Hemodynamic profile of arpromidine and its F2-substituted derivatives in comparison to impromidine in congestive heart failure

There is considerable evidence that congestive heart failure (CHF) is paralleled by a decrease in the number of sarcolemmal β-receptors due to excessive levels of circulating endogenous catecholamines [1, 2]. In contrast, the myocardial H2-receptor system is not affected. The first clinically available specific H2-receptor agonist impromidine proved to be a potent inotrope in patients with CHF which were insensitive to catecholamine stimulation [3, 4]. Though the overall results of these initial studies were beneficial, the narrow therapeutic range, high costs of synthesis and the arrhythmogenic potential of impromidine limited its broad clinical application in large scale clinical trials. Recently developed phenylpyridylalkylguanidines [5] were investigated underin vitro andin vivo conditions in the guinea pig under physiologic and pathophysiologic conditions using impromidine as reference. Compounds tested were arpromidine and the difluorinated analogues BU-E-75 and BU-E-76, all guanidine-type H2-agonists with additional H1-antagonistic properties due to a pheniramine like moiety. In the isolated perfused heart, all three new compounds were more potent in increasing cardiac contractile force and coronary flow but less effective on heart rate and less arrhythmogenic. The same could be established underin vivo conditions where BU-E-76 was more potent than BU-E-75, arpromidine and impromidine, respectively, in augmenting LV dp/dt, LVP, cardiac output and systemic blood pressure, but all compounds were revealed to have less chronotropic and arrhythmogenic potential.
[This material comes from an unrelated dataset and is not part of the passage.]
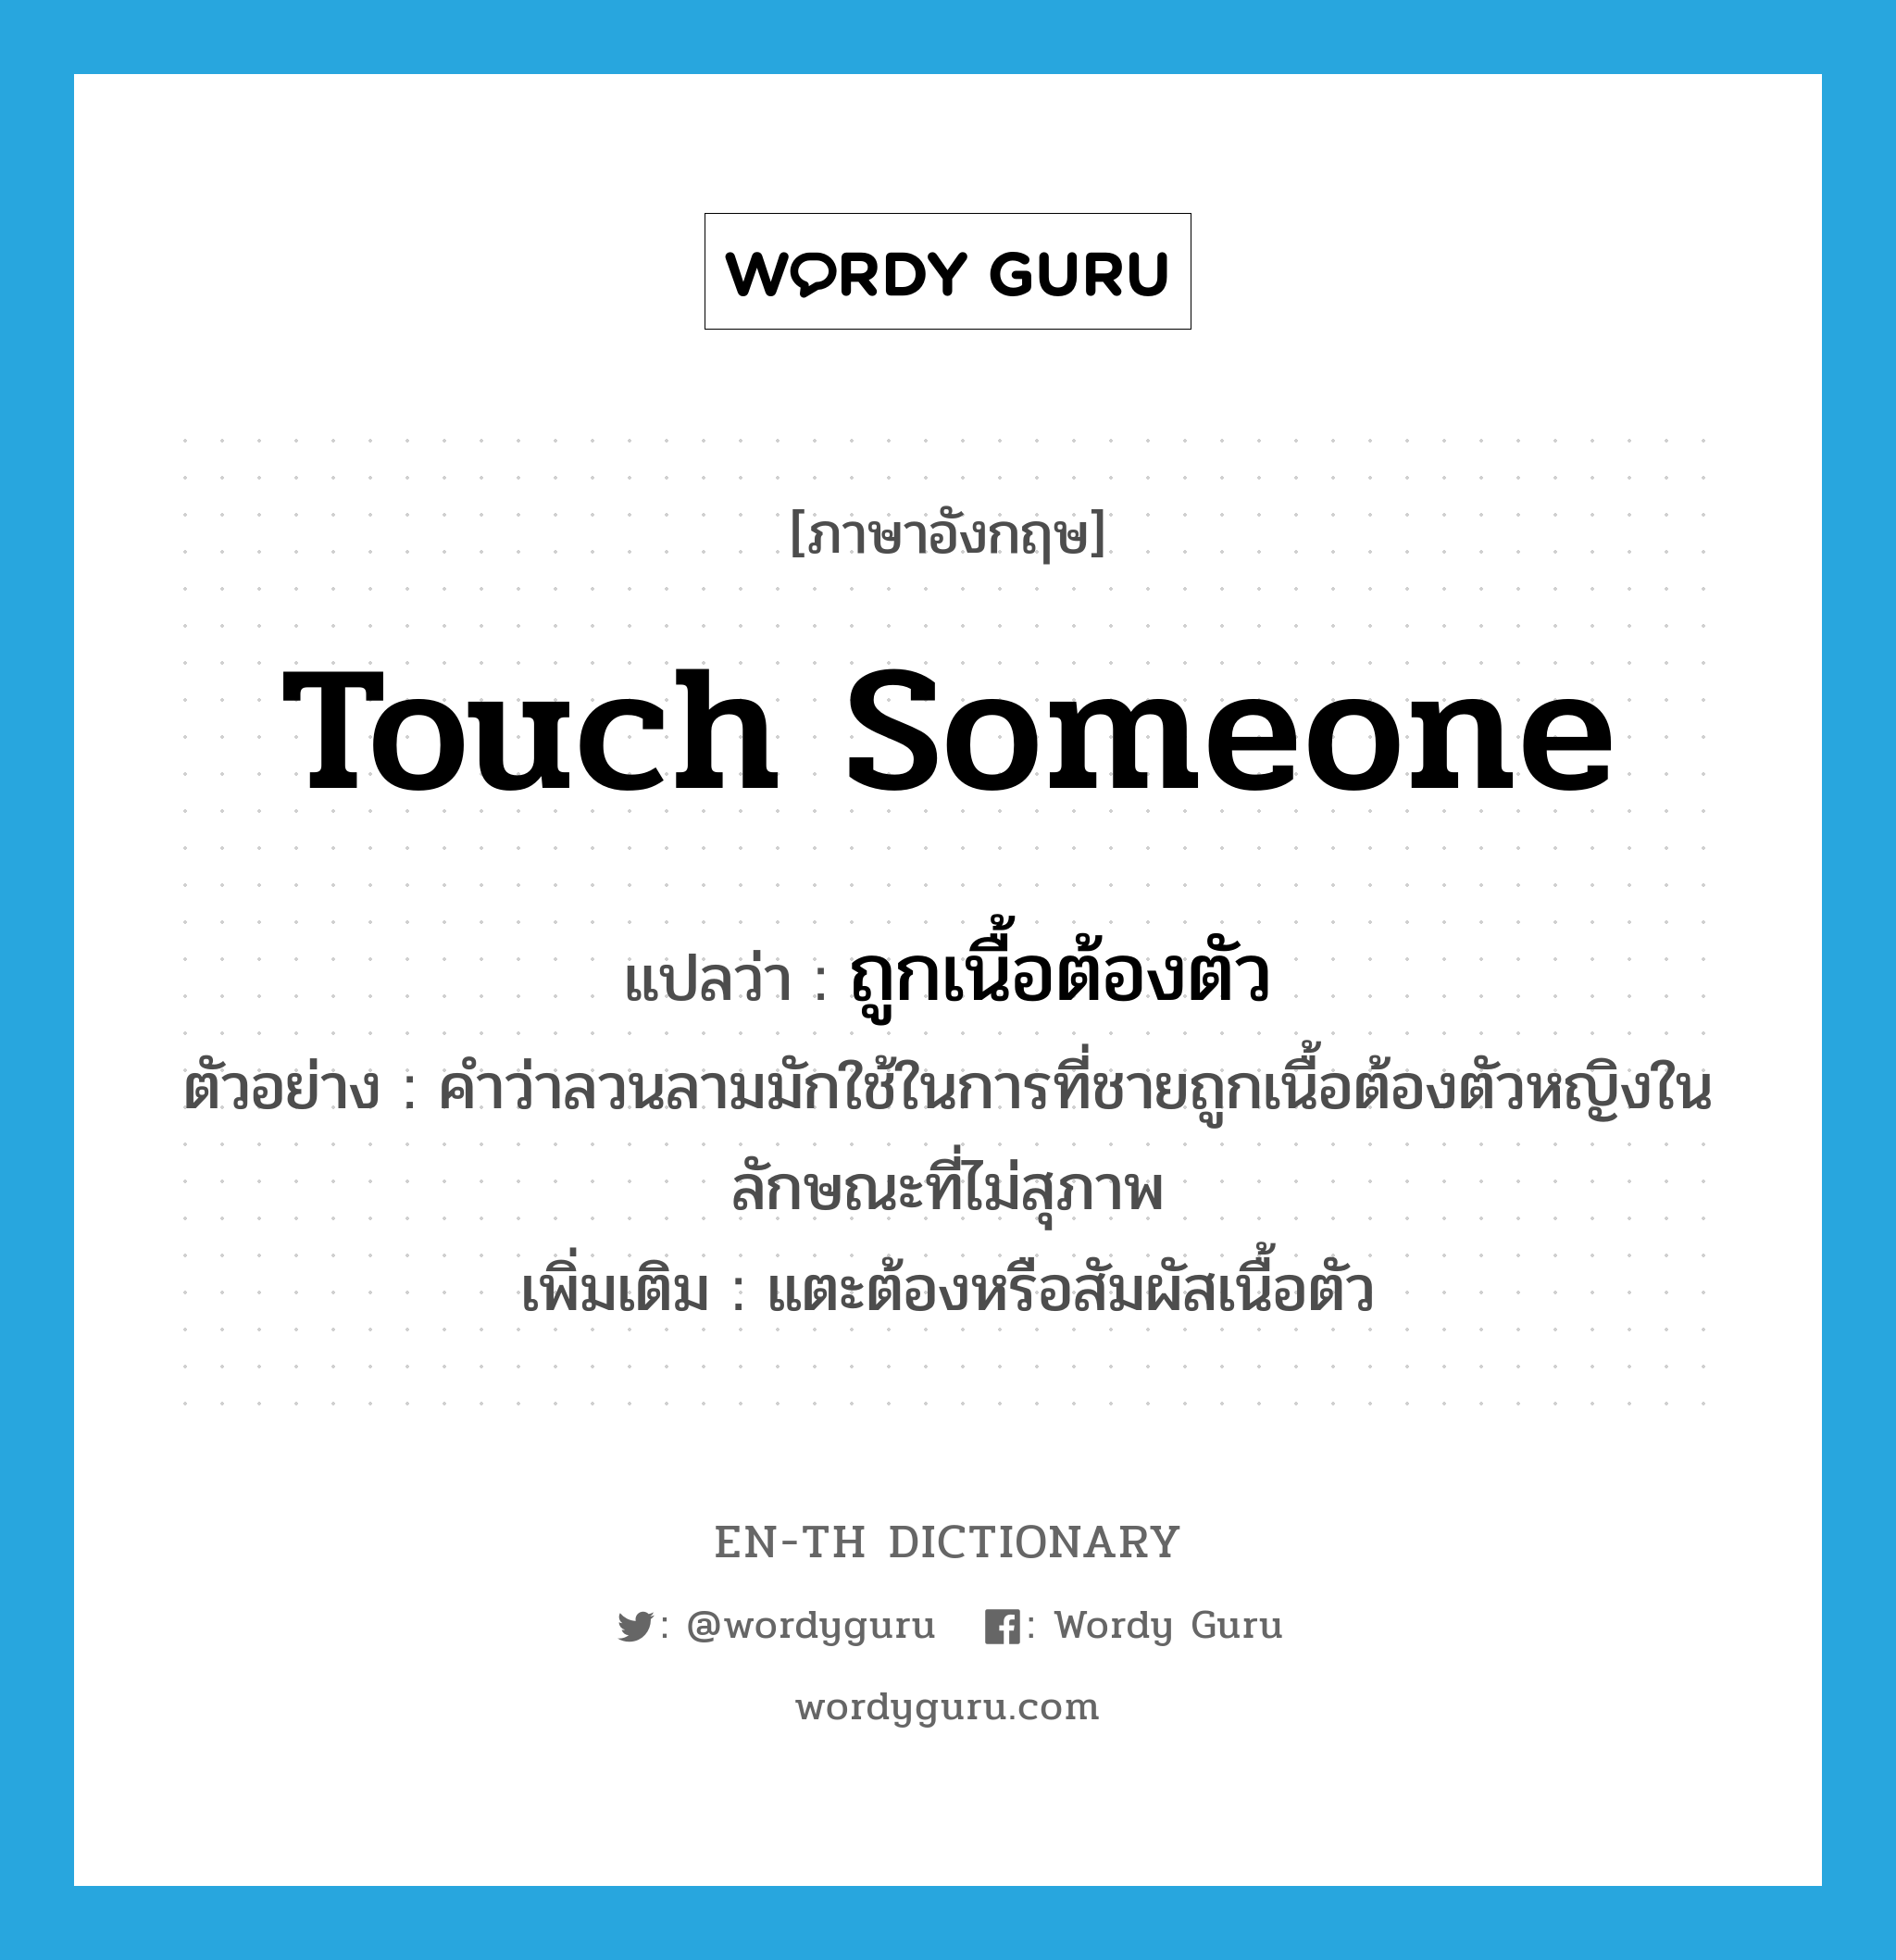 touch someone แปลว่า?, คำศัพท์ภาษาอังกฤษ touch someone แปลว่า ถูกเนื้อต้องตัว ประเภท V ตัวอย่าง คำว่าลวนลามมักใช้ในการที่ชายถูกเนื้อต้องตัวหญิงในลักษณะที่ไม่สุภาพ เพิ่มเติม แตะต้องหรือสัมผัสเนื้อตัว หมวด V

In the vasopressin-induced acute heart failure model, BU-E-76 and BU-E-75 normalized within minutes all contractile parameters in contrast to arpromidine and impromidine. It is thus concluded that these new H2-receptor agonists may represent a promising therapeutic improvement for treatments of CHF patients, with a cardiovascular profile superior to impromidine and conventional catecholamines.